New Zealand's rate of economic growth has surpassed the average of the OECD in recent years.

The Progressive leader said he believes the resilience of New Zealand firms and consumers across the regions of the country means it is reasonable and credible to remain confident that the country can continue to out-perform many of its trading partners over the next three years.

"Companies I have visited in the past month show a degree of realistic confidence and determination which is more positive than the nervousness about the future I saw when I was in Europe last month. New Zealand has over the past three and a half years built up the capacity of its regional economies to withstand global downturns better than we were able to do in the past," Jim Anderton added.

Consumer confidence bounced back across the board in the June quarter according to the Westpac McDermott Miller Consumer Confidence Index today.

The Bay of Plenty recorded the biggest increase in consumer confidence, up 12.3 index points to 120.8 over the quarter, compared with 108.5 in the March quarter.

An index number over 100 indicates that there are more optimists than pessimists.

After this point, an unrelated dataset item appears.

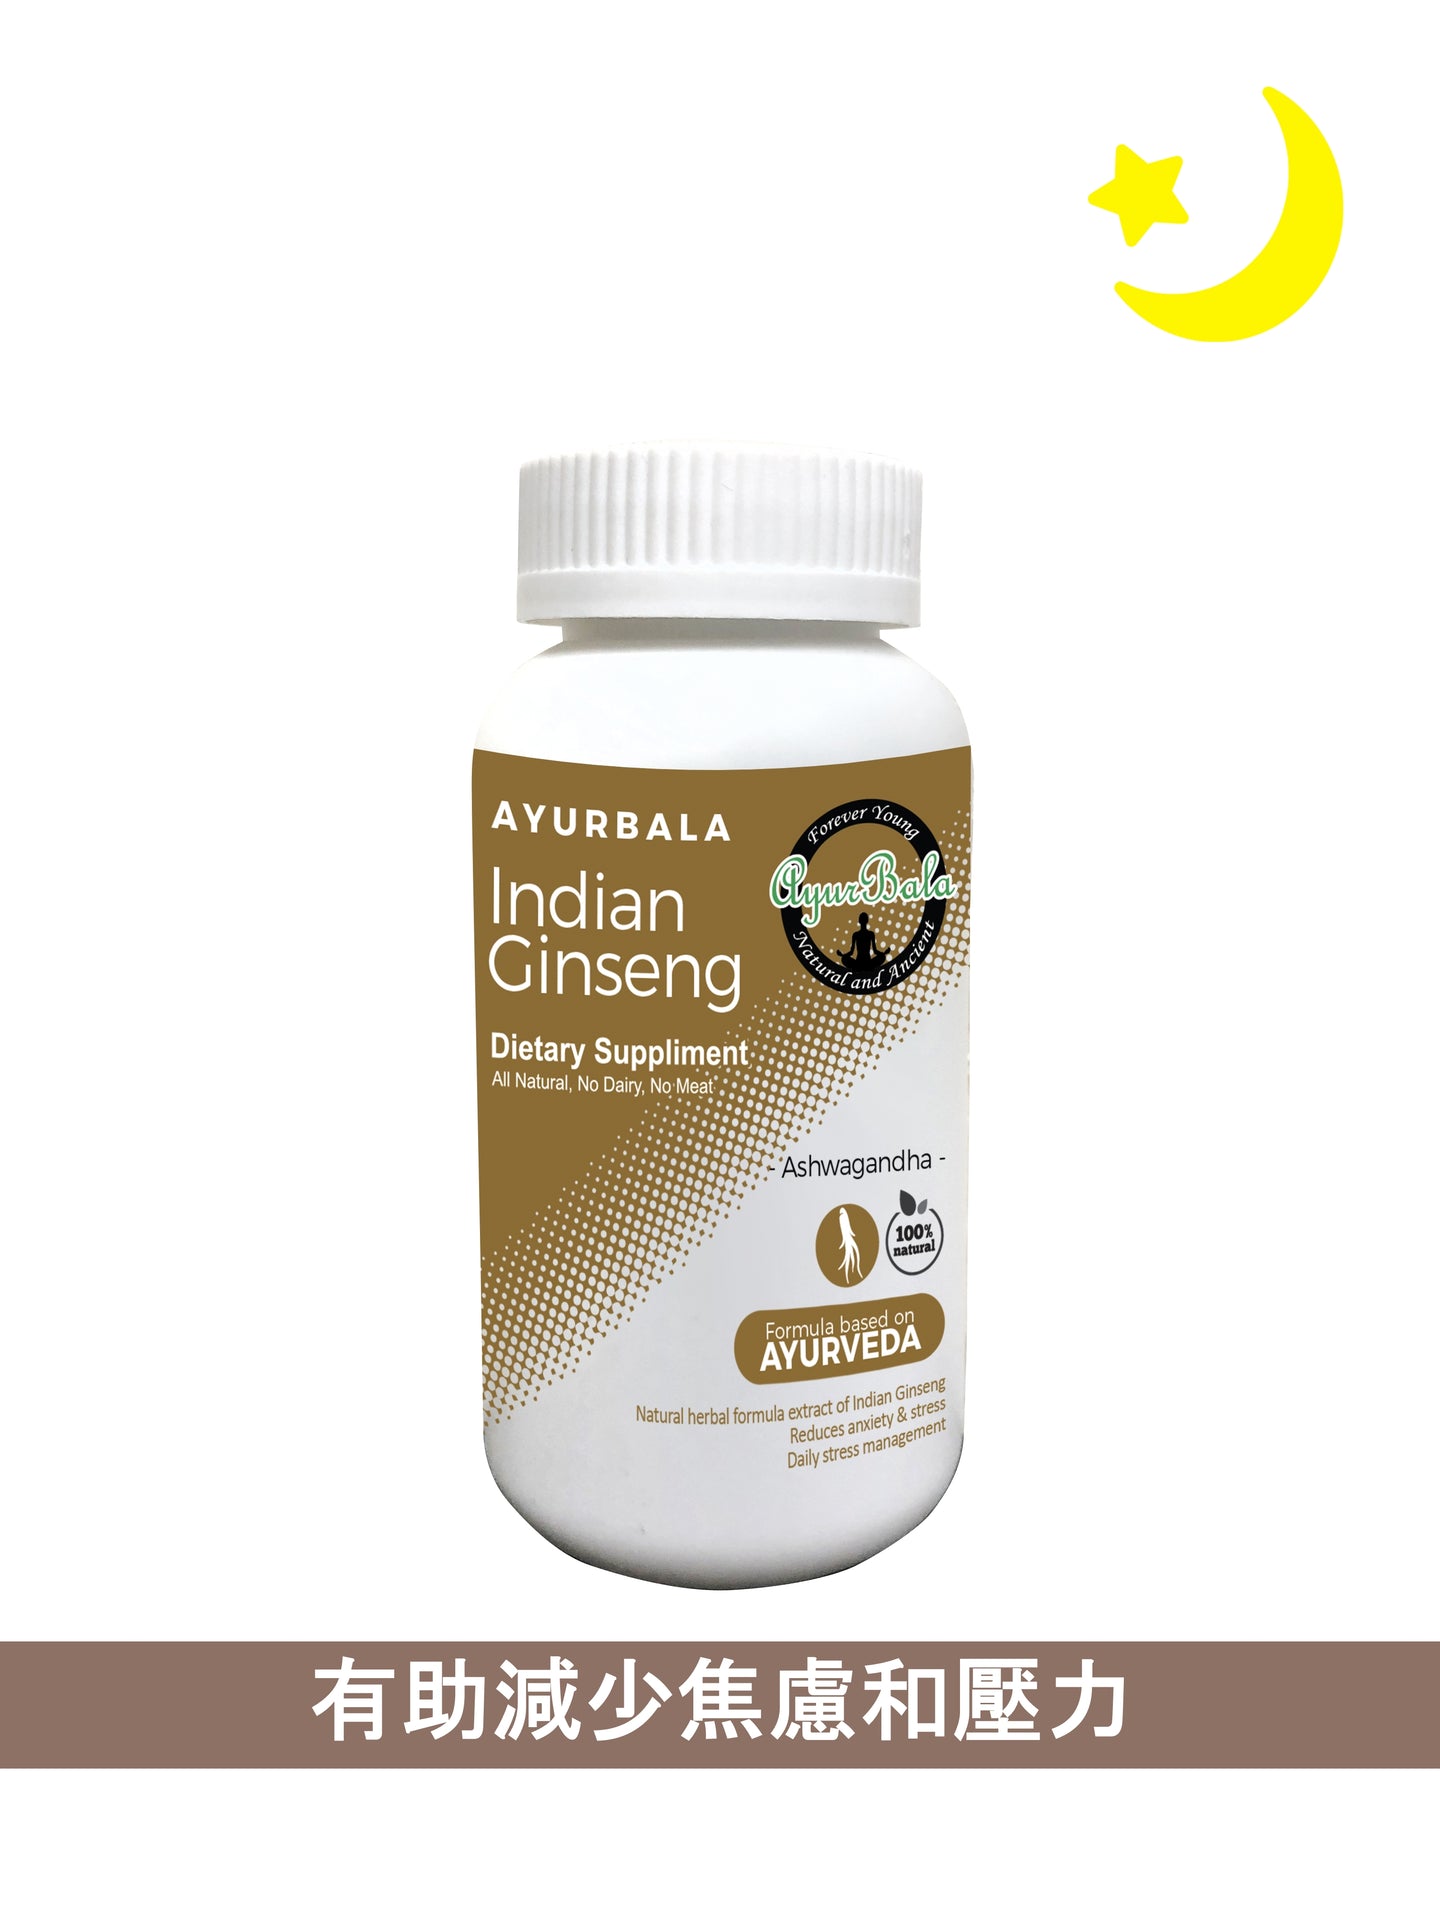 Indian Ginseng (Sleep Easy & Anti- anxiety) (2 items 15% off, 3 item 25% off) Free Delivery in HK
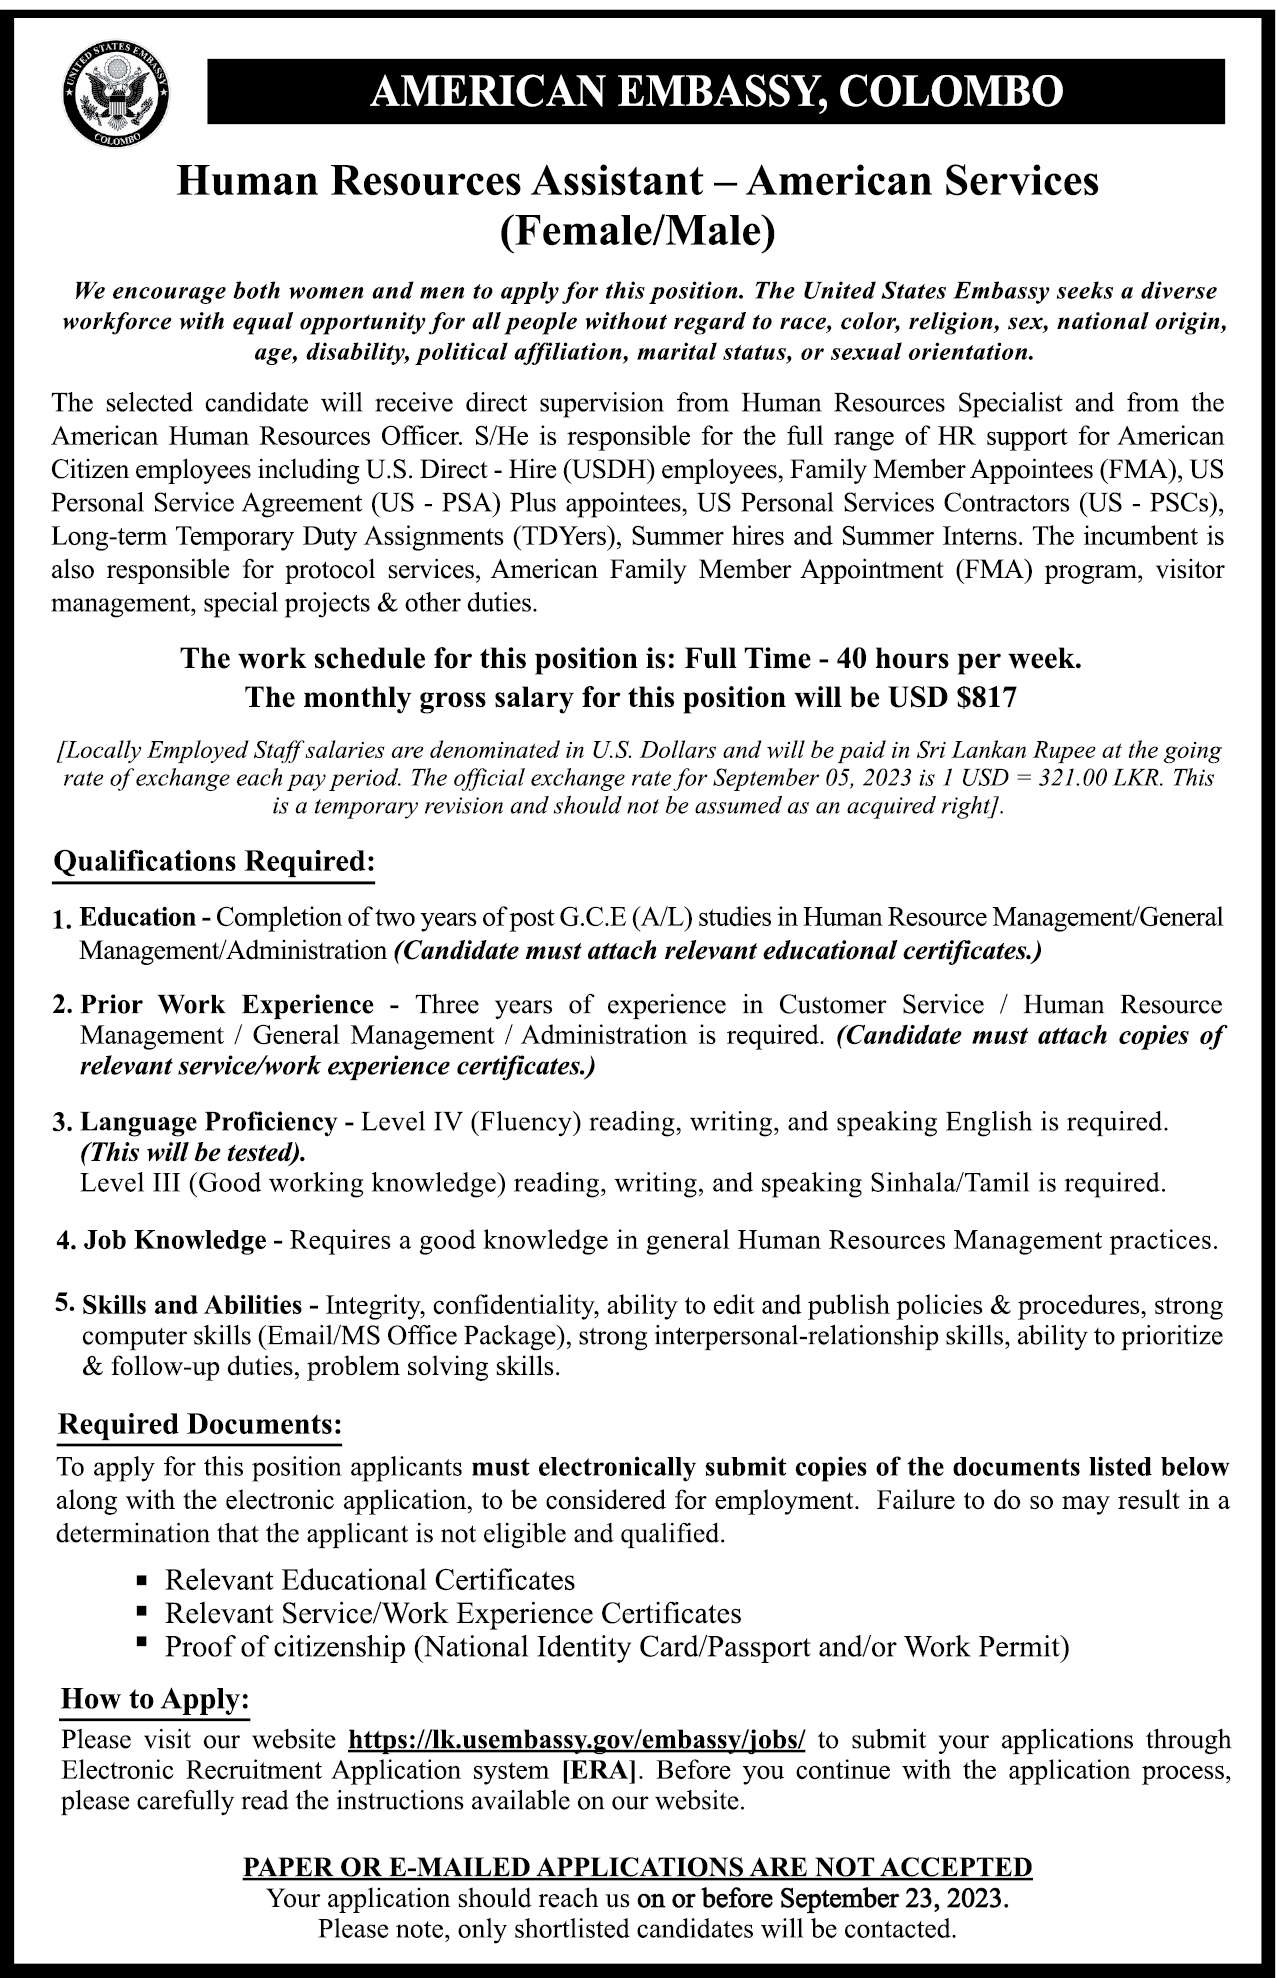 Human Resource Assistant - American Embassy, Colombo

Consumer confidence rose in Northland, Auckland, Waikato, Bay of Plenty, Taranaki/Manawatu-Wanganui, Wellington, Nelson-Marlborough/West Coast, Canterbury, Otago and Southland, while nationally the index rose to 118.6 in the June quarter, compared with 112.1 in the March quarter.

Consumer confidence is a leading indicator of future economic activity and job opportunities. Jim Anderton said it was not surprising that confidence is generally lower in rural regions because the prosperity of farming regions is so closely tied to international commodity prices.

"I believe that many regions where consumer confidence remains resilient are those with proactive economic development initiatives and the most creative approach to transforming their economies," Jim Anderton said.